Charting capital investment

The venture world is in carnage. Make no mistake about it, money is tight and cash is king. Many business owners and venture capital firms across the nation are still suffering under the sweltering heat that lingers from the dot-com implosion, stock market correction and swooning economy.

“The loss of private equity is enormous,” explains Mario Marino, chairman of the Washington, D.C.-based Venture Philanthropy Partners and the Morino Institute. “It’s not a good economic forecast out there.”

An outspoken technology insider and native Clevelander, Morino was a key player in the development of Washington, D.C., as a high tech region. In 1995, he sold his software firm, Legent, to Computer Associates for nearly $2 billion. Today, Morino has returned home to Northeast Ohio and promotes positive economic and social change through the power of the Internet.

Morino maintains that Cleveland’s financial landscape – as troubling as it appears – is better off than other regions, especially the two coasts. Despite the current problems of LTV and uncertainty about TRW’s local future, he believes most local capital sources are in good shape.

“Midwest firms may actually be OK because they weren’t speculative,” he says, adding that the region’s overwhelming conservative nature probably spared many from financial ruin. Now, they are well positioned to invest in the next round of entrepreneurs who understand the basics of business and finance, and, most important, know how to make money.

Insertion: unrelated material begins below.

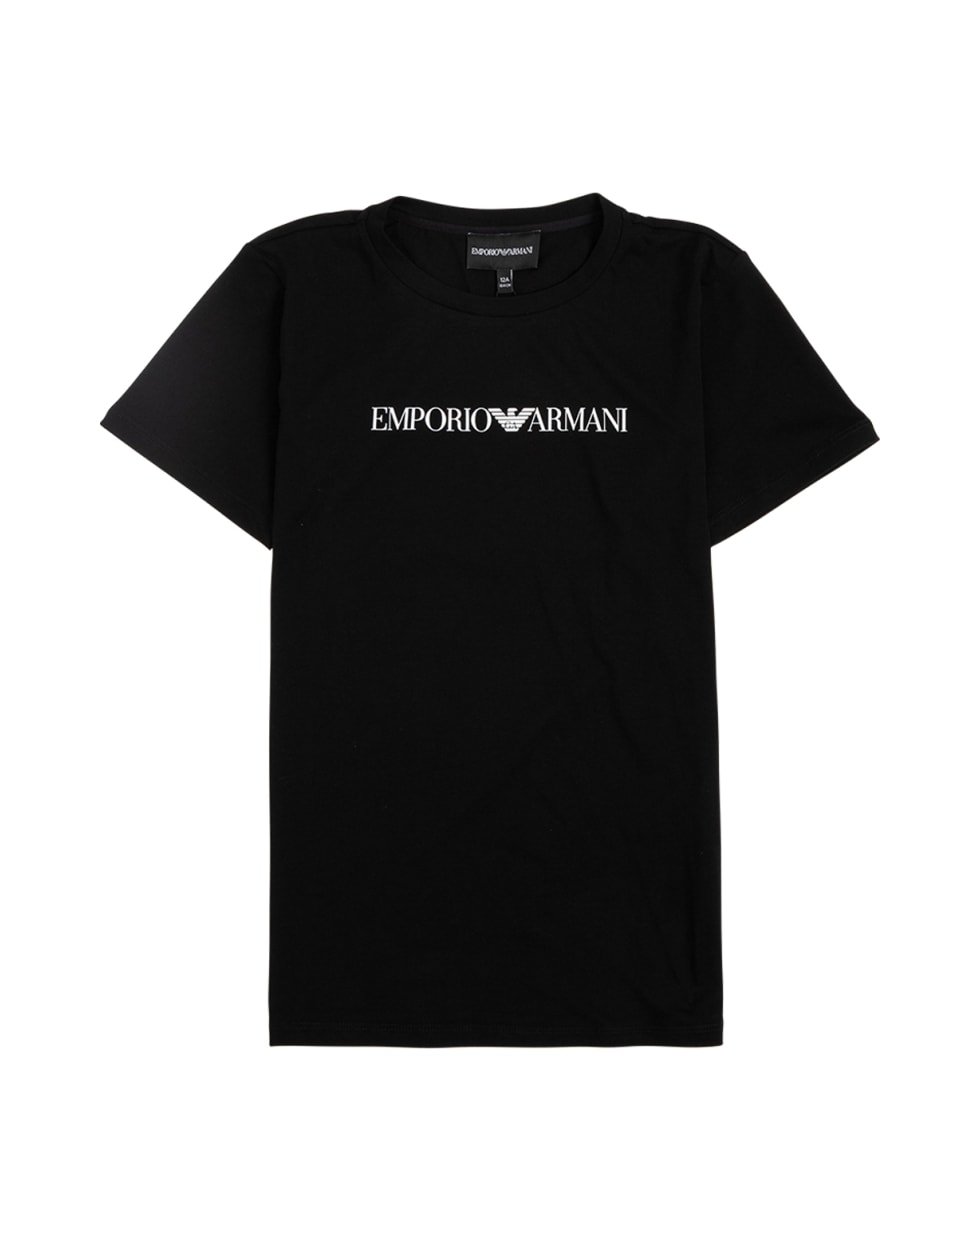 Emporio Armani Black Cotton T-shirt With Logo Print - Black

Ironically, Morino says, what’s hurt the region in the past, “its remarkably low entrepreneurial spirit,” could suddenly work in its favor.

“The bar of creation is so high that we’ll see some of the best companies created during this next phase of business,” he says.

But it won’t be easy. There are numerous high hurdles that need to be leapt before any of this happens.

Morino points to three key factors that must be addressed – a spark of entrepreneurship and entrepreneurial culture in the region, strong leaders to affect and execute change, and significant capital investment to spur research and development and help get new companies off the ground.

“There are great assets here,” he explains. “But change comes from the periphery. The established system doesn’t see it. One of Cleveland’s biggest challenges is that you’re going to have to cut through the core. There are established businesses and families here, and there are enormous implications if you have the old guard blocking the path to change.”